Re: MMIO and gcc re-ordering issue

From: Trent Piepho <hidden>
Date: 2008-06-04 06:40:21
Also in: linux-arch, lkml

On Wed, 4 Jun 2008, Nick Piggin wrote:
On Wednesday 04 June 2008 07:44, Trent Piepho wrote:
quoted
On Tue, 3 Jun 2008, Matthew Wilcox wrote:
quoted
quoted
I don't understand why you keep talking about DMA.  Are you talking
about ordering between readX() and DMA?  PCI proides those guarantees.
I guess you haven't been reading the whole thread.  The reason it started
was because gcc can re-order powerpc (and everyone else's too) IO accesses
vs accesses to cachable memory (but not spin-locks), which ends up only
being a problem with coherent DMA.
I don't think it is only a problem with coherent DMA.

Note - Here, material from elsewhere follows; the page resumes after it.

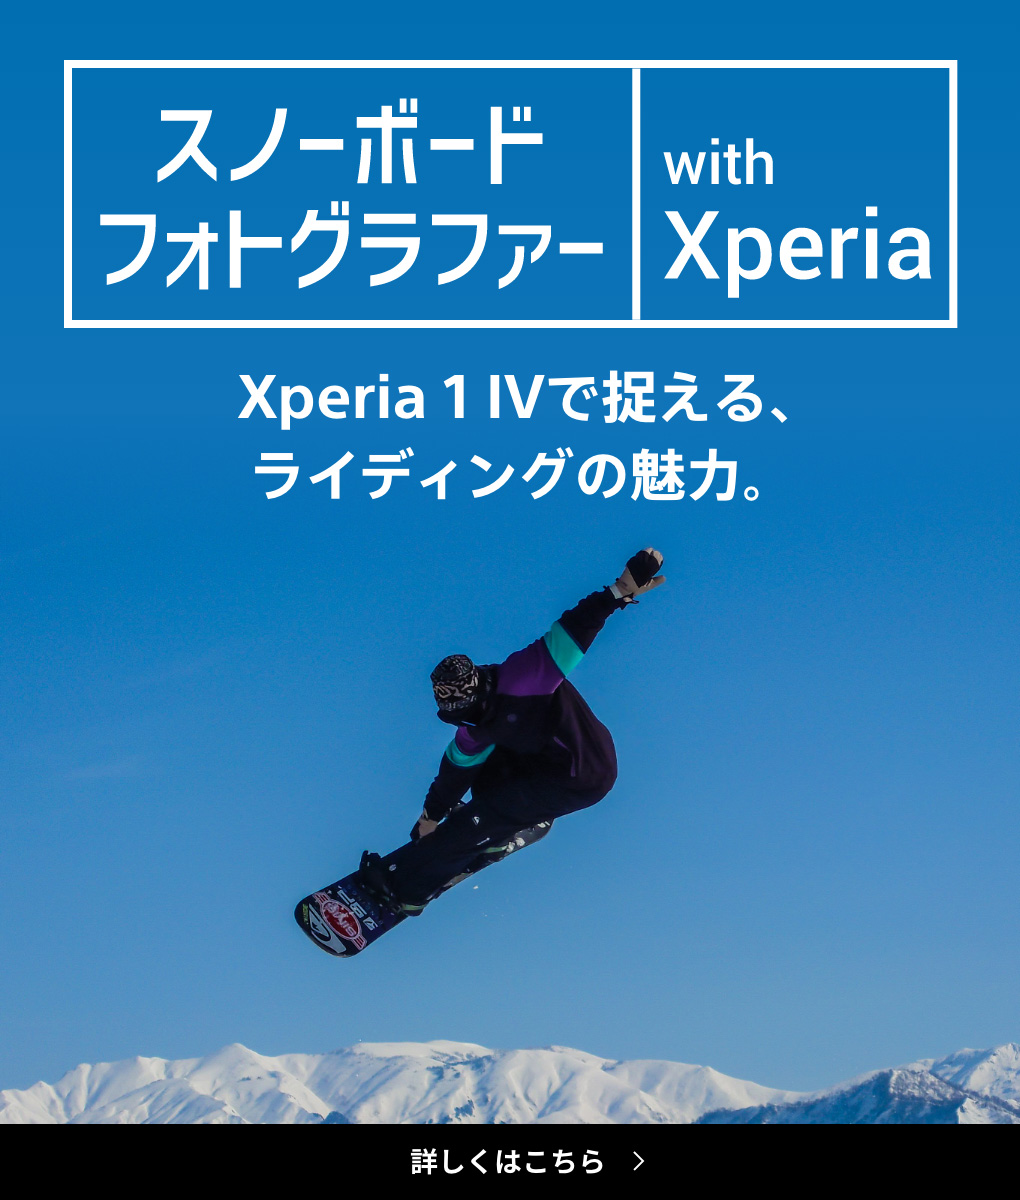 スノーボードフォトグラファー with Xperia（エクスペリア） Xperia 1 IV（エクスペリア ワン マークフォー）で捉える、ライディングの魅力。
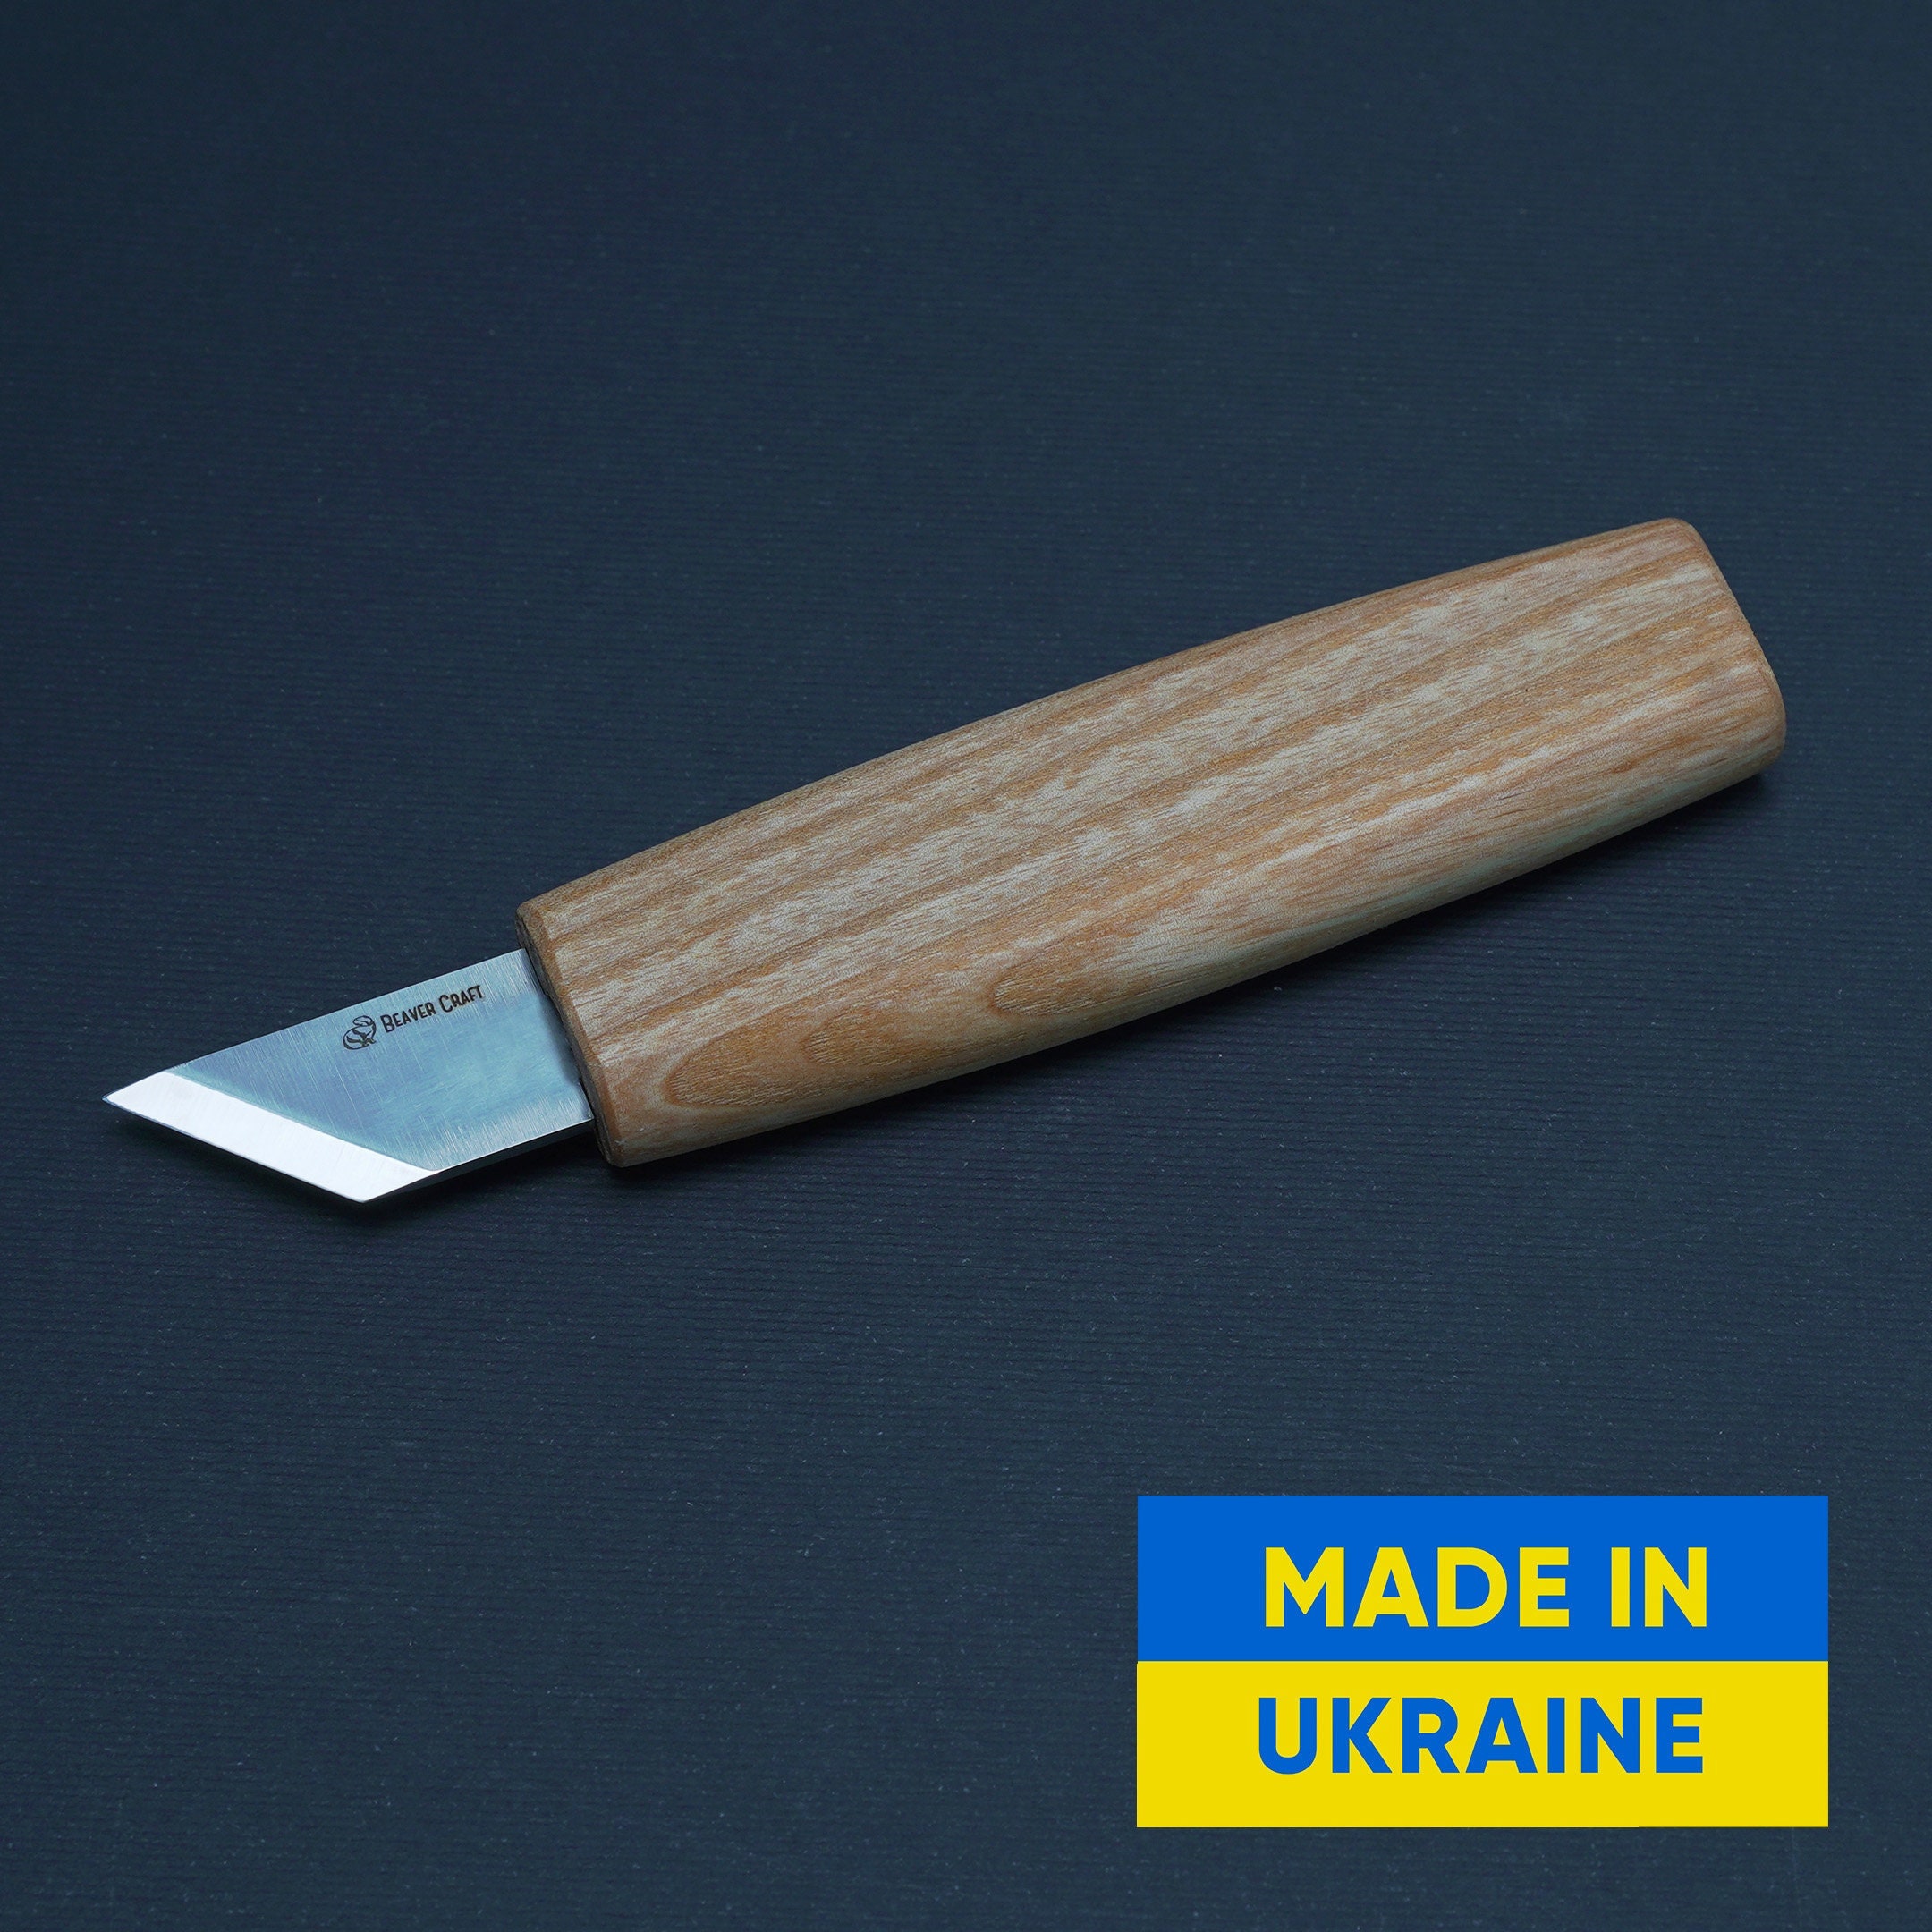 Striking Knife, Vintage-Designed Woodworking Tools

CPU0                         CPU1
mutex_lock(mutex);
writel(something, DATA_REG);
writel(GO, CTRL_REG);
started = 1;
 	(A)
mutex_unlock(mutex);
                            mutex_lock(mutex);
 	(B)
                            if (started)
                              /* oops, this can reach device before GO */
                              writel(STOP, CTRL_REG);
The locks themselves should have (and do have) ordering operations to insure
gcc and/or the cpu can't move a store or load outside the locked region. 
Generally you need that to keep stores/loads to cacheable memory inside the
critical area, much less I/O operations.  Otherwise all you have to do is
replace writel(something, ...) with shared_data->something = ...  and there's
an obvious problem.  In your example, gcc currently can and will move the GO
operation to point A (if it can figure out that CTRL_REG and started aren't
aliased), but that's not a problem.  If it could move it to B that would be a
problem, but it can't.

Other than coherent DMA, I don't think there is any reason to care if I/O
accessors are strongly ordered wrt load/stores to cacheable memory.  locking
and streaming DMA sync operations already need to have ordering, so they don't
require all I/O to be ordered wrt all cacheable memory.